Can somebody please explain why for some models output get included in prompt tokens processing (possibly related to KV cache)?
Posted by alex20_202020@reddit | LocalLLaMA | View on Reddit | 7 comments
Th title includes KV cache because I suspect below is related to it. If not, please correct me.
Recently I have run koboldcpp with defaults (ContextShift ON, FastForwarding ON, Sliding Window Attention OFF, SmartCache OFF) except context size (131K) and KV cache quantization (4 bit) and network port.
For Qwen 3.5 and Gemma 4 in logs I see processing prompt (X / Y tokens) lines where Y is often (always?) much larger then my last prompt length (like 1000 tokens for 10-20 words last prompt). And (obviously) long delay before output starts in frontend (KoboldAI Lite). I have noted that usually:
Y ~ length in tokens of Last Output of the Model (from logs) + length of my Last Prompt
Why? How does the engine works? Why during giving of output it has not processed output already or needs to re-process it?
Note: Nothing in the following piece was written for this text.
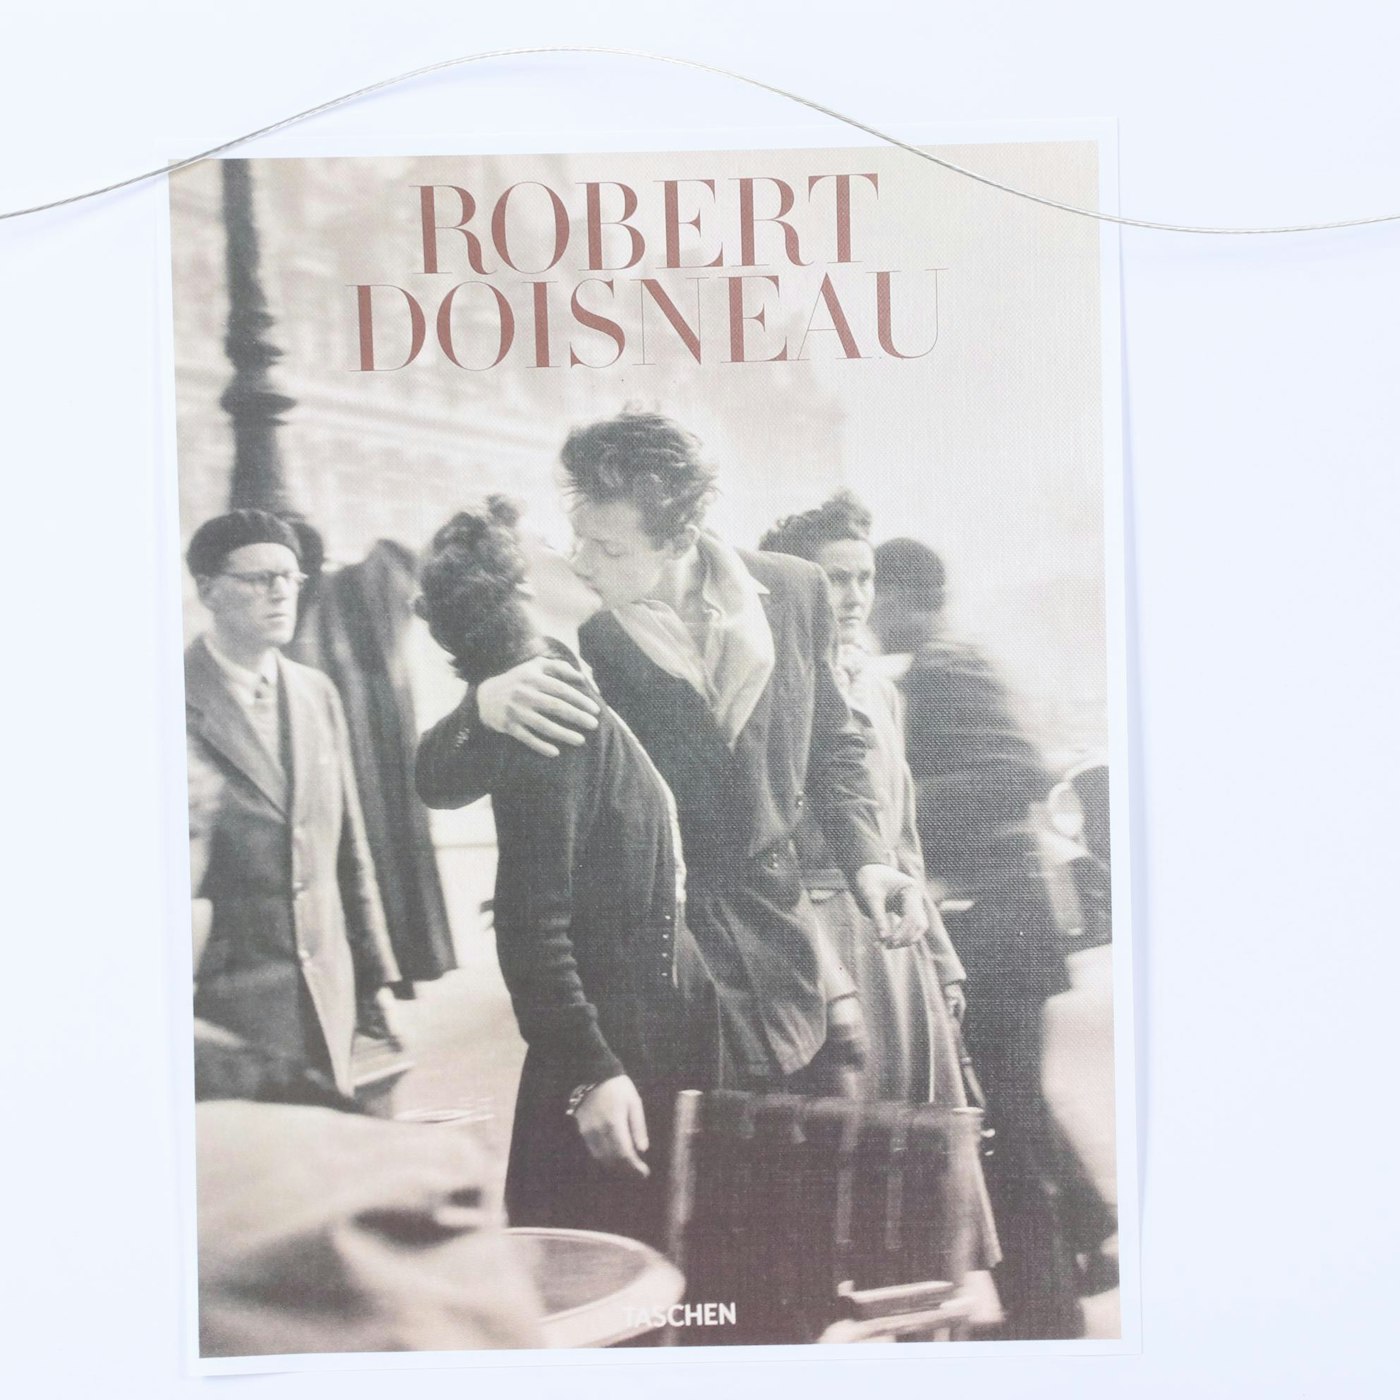 Offset Lithograph after Robert Doisneau

I do not recall Y being much larger than length(my last prompt) for Qwen 3 and Gemma 3. Maybe new models use some KV cache size optimization that effect this? Does engine command parameters (e.g. I listed above) effect that? Do ether engines work for the above same as koboldcpp does?
Below some info from logs:
For Qwen 3.5 9B logs contain "RNN with FF and shifting flags enabled - SmartCache will be enabled with extra slots". llama_KV_cache ~ 1.2 GiB for 131K context with 4bits KV cache.
For Gemma 26B the engine allocates for same parameters ~0.7+7 GiB for KV cache, log lists each layer in llama_KV_cache lines. Logs contain: "using full-size SWA cache", "creating non-SWA cache, size = 131328 cells" (BTW, why not 131072 as context size requested?, also in logs: "n_ctx=131328", "n_ctx_sequence (131328)" "[timestamp] CtxLimit: 1822 / 131072".)
I have thought of a workaround to reduce the delay: immediately submit some dummy prompt, then after new output starts, ABORT in frontend, Undo started response, Undo temp prompt, submit actual prompt. This way while I read the response the engine processes last output. But maybe there is a way to do so automatically, without manual "ABORT, undo" each time?
TIA
LagOps91@reddit
Most likely because only the last think block is included, which triggers reprocessing due to changes in the context.
alex20_202020@reddit (OP)
included in what?
LagOps91@reddit
In the context. Most thinking models are trained to only expect the most recent think block to be included in the context.
alex20_202020@reddit (OP)
I thought the issue is how backend processes input. Can you please explain in more detail.
LagOps91@reddit
Basically you send the model formatted text. If the text doesn't change, you can re-use what the model has cached and only process the new prompt. If you remove text, such as a think block, everything from that point on needs to be reprocessed.
alex20_202020@reddit (OP)
But it is the engine that might change the input/story to be sent as next input. How does it explain "Most thinking models are trained to only expect the most recent think block"?
LagOps91@reddit
Yes, this is something the frontend does. Only sending the most recent think block is a common default setting. The backend typically only expects text and leaves formatting to the frontend. At best have a look at the received prompt/context, that should make it clear.